NJtree = seqneighjoin(distances,'equivar',primates)

h = plot(NJtree,'orient','top');
title('Neighbor-Joining Distance Tree of Primates using Jukes-Cantor model');
ylabel('Evolutionary distance')
    Phylogenetic tree object with 12 leaves (11 branches)

Comparing Tree Topologies

Notice that different phylogenetic reconstruction methods result in different tree topologies. The neighbor-joining tree groups Chimp Vellerosus in a clade with the gorillas, whereas the UPGMA tree groups it near chimps and orangutans. The getcanonical function can be used to compare these isomorphic trees.

sametree = isequal(getcanonical(UPGMAtree), getcanonical(NJtree))
sametree =

  logical

   0

Exploring the UPGMA Phylogenetic Tree

You can explore the phylogenetic tree by considering the nodes (leaves and branches) within a given patristic distance from the 'European Human' entry and reduce the tree to the sub-branches of interest by pruning away non-relevant nodes.

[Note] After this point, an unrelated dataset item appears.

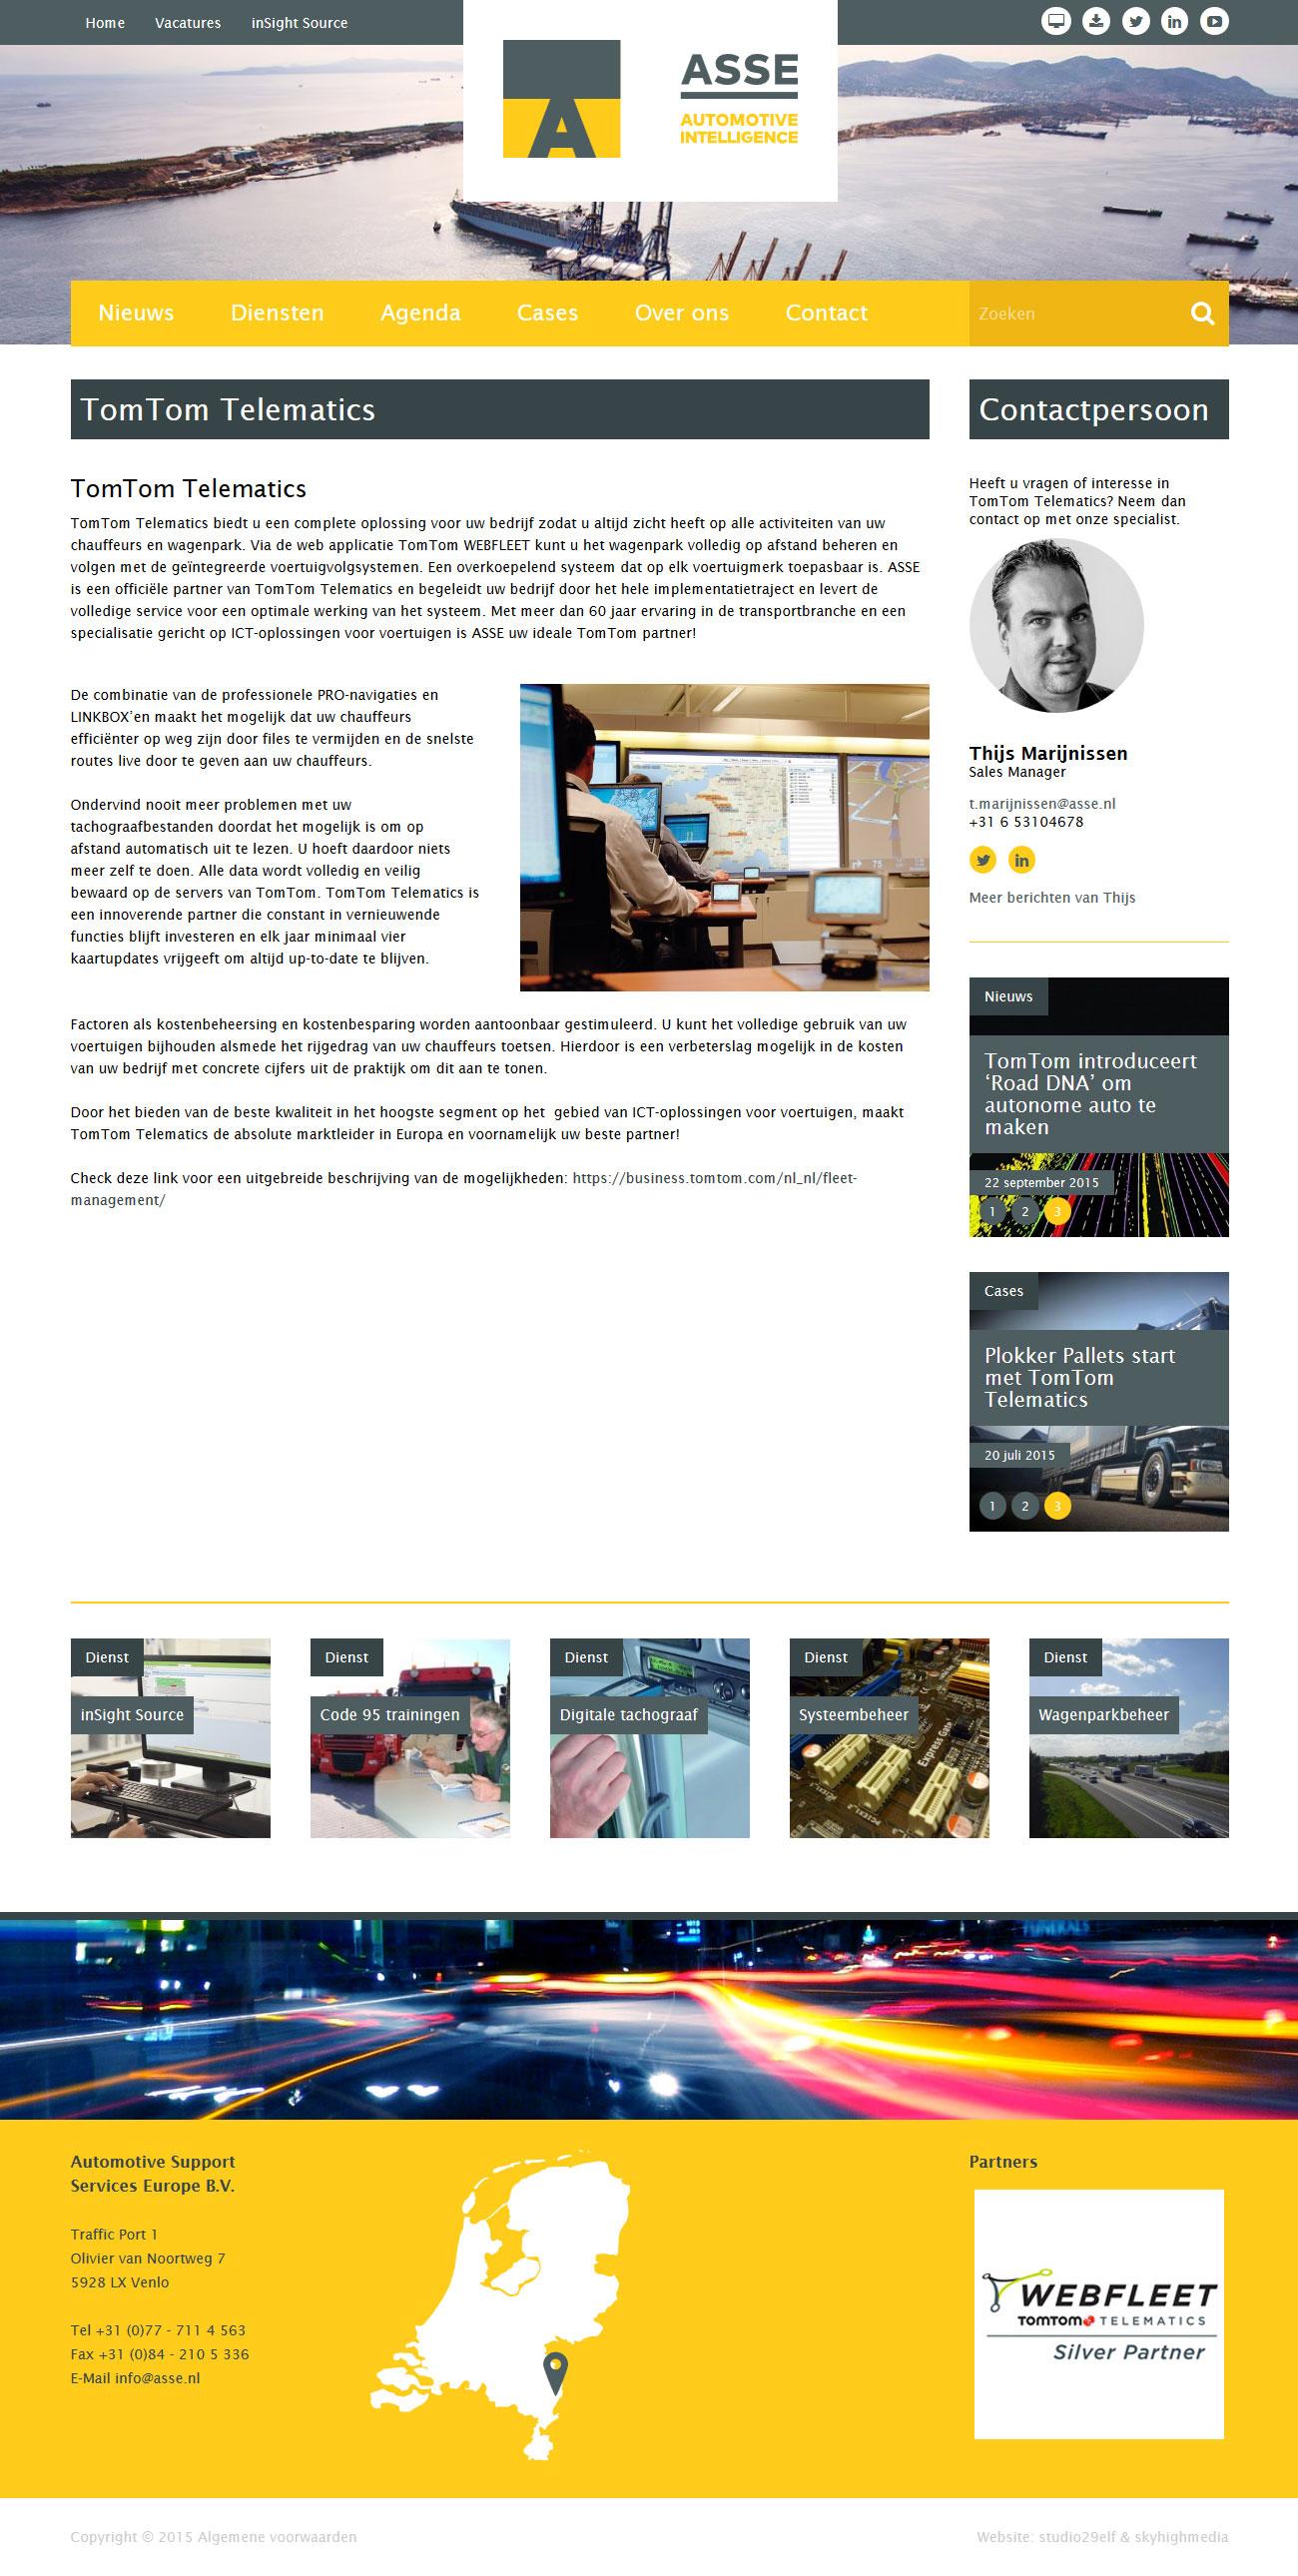 asse_website2

names = get(UPGMAtree,'LeafNames')
[h_all,h_leaves] = select(UPGMAtree,'reference',3,'criteria','distance','threshold',0.3);

subtree_names = names(h_leaves)
leaves_to_prune = ~h_leaves;

pruned_tree = prune(UPGMAtree,leaves_to_prune)
h = plot(pruned_tree,'orient','top');
title('Pruned UPGMA Distance Tree of Primates using Jukes-Cantor model');
ylabel('Evolutionary distance')
names =

  12×1 cell array

    {'German_Neanderthal'     }
    {'Russian_Neanderthal'    }
    {'European_Human'         }
    {'Chimp_Troglodytes'      }
    {'Chimp_Schweinfurthii'   }
    {'Chimp_Verus'            }
    {'Chimp_Vellerosus'       }
    {'Puti_Orangutan'         }
    {'Jari_Orangutan'         }
    {'Mountain_Gorilla_Rwanda'}
    {'Eastern_Lowland_Gorilla'}
    {'Western_Lowland_Gorilla'}


subtree_names =

  6×1 cell array

    {'German_Neanderthal'  }
    {'Russian_Neanderthal' }
    {'European_Human'      }
    {'Chimp_Troglodytes'   }
    {'Chimp_Schweinfurthii'}
    {'Chimp_Verus'         }

    Phylogenetic tree object with 6 leaves (5 branches)

With view you can further explore/edit the phylogenetic tree using an interactive tool. See also phytreeviewer.

view(UPGMAtree,h_leaves)

References

[1] Ovchinnikov, I.V., et al., "Molecular analysis of Neanderthal DNA from the northern Caucasus", Nature, 404(6777):490-3, 2000.

[2] Sajantila, A., et al., "Genes and languages in Europe: an analysis of mitochondrial lineages", Genome Research, 5(1):42-52, 1995.

[3] Krings, M., et al., "Neandertal DNA sequences and the origin of modern humans", Cell, 90(1):19-30, 1997.

[4] Jensen-Seaman, M.I. and Kidd, K.K., "Mitochondrial DNA variation and biogeography of eastern gorillas", Molecular Ecology, 10(9):2241-7, 2001.